American production company

Matador Content (also known as Matador) is an American production company founded in 2013 by Jay Peterson and Todd Lubin. The company produces feature films (mainly documentaries), unscripted television, scripted television and digital programming. Some of Matador's television series include the Hulu series Drag Me to Dinner, AMC series Geeking Out, the GSN series Hellevator, the A&E series Epic Ink, Cement Heads, and Country Bucks, the Lifetime series Project Runway: Fashion Startup, the History series Great Minds with Dan Harmon, the Syfy series Cosplay Melee, and the Discovery Channel series The Impossible Row. Matador's scripted programming includes the Emmy Award-winning Netflix original series The Who Was? Show, and Viceland's first scripted series What Would Diplo Do? starring James Van Der Beek.

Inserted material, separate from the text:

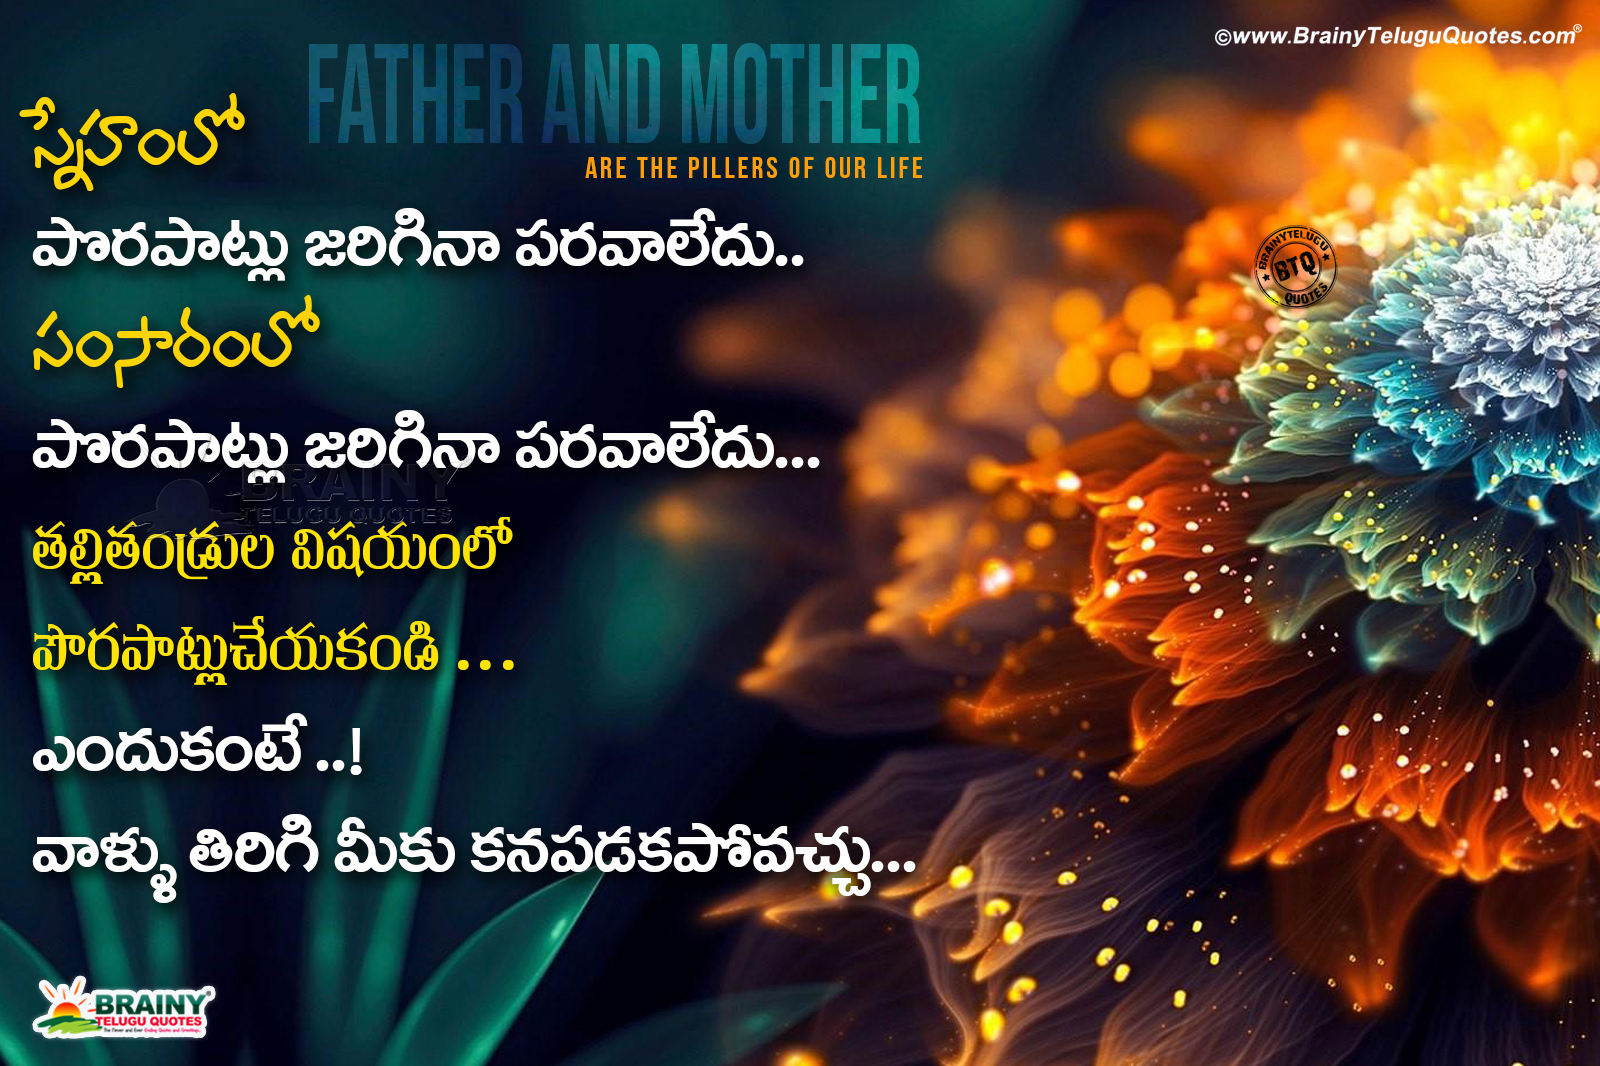 Father Mother Quotes In Telugu Heart Touching Importance Of Father And Mother Quotes Brainyteluguquotes Comtelugu Quotes English Quotes Hindi Quotes Tamil Quotes Greetings

Matador also produces the larger than life talent show Go-Big Show for TBS, The Kids Tonight Show for Peacock, the Apple TV+ series Dear..., the Disney Channel series Disney Fam Jam hosted by Ariel Martin, Trevor Tordjman, and Phil Wright, the ABC series Boy Band hosted by Rita Ora, the Emmy Award-nominated Paramount Network series Lip Sync Battle hosted by LL Cool J and Chrissy Teigen, and the kid centric spin-off Lip Sync Battle Shorties on Nickelodeon hosted by Nick Cannon and JoJo Siwa.

Matador's feature film credits include the Emmy Award-nominated HBO documentary Banksy Does New York, which premiered at Doc NYC in 2014, the Emmy Award-nominated Hulu two-part documentary Pretty Baby: Brooke Shields, Hurricane of Fun: The Making of Wet Hot a behind-the-scenes look at the 2001 cult indie film Wet Hot American Summer, Give Me Future, which documented Major Lazer's groundbreaking 2016 concert in Havana, Cuba, Wig, the HBO documentary that explores the history of Wigstock, Billie Eilish: The World's a Little Blurry, the 2021 documentary centered around singer-songwriter Billie Eilish, and the upcoming feature Nonnas starring Vince Vaughn.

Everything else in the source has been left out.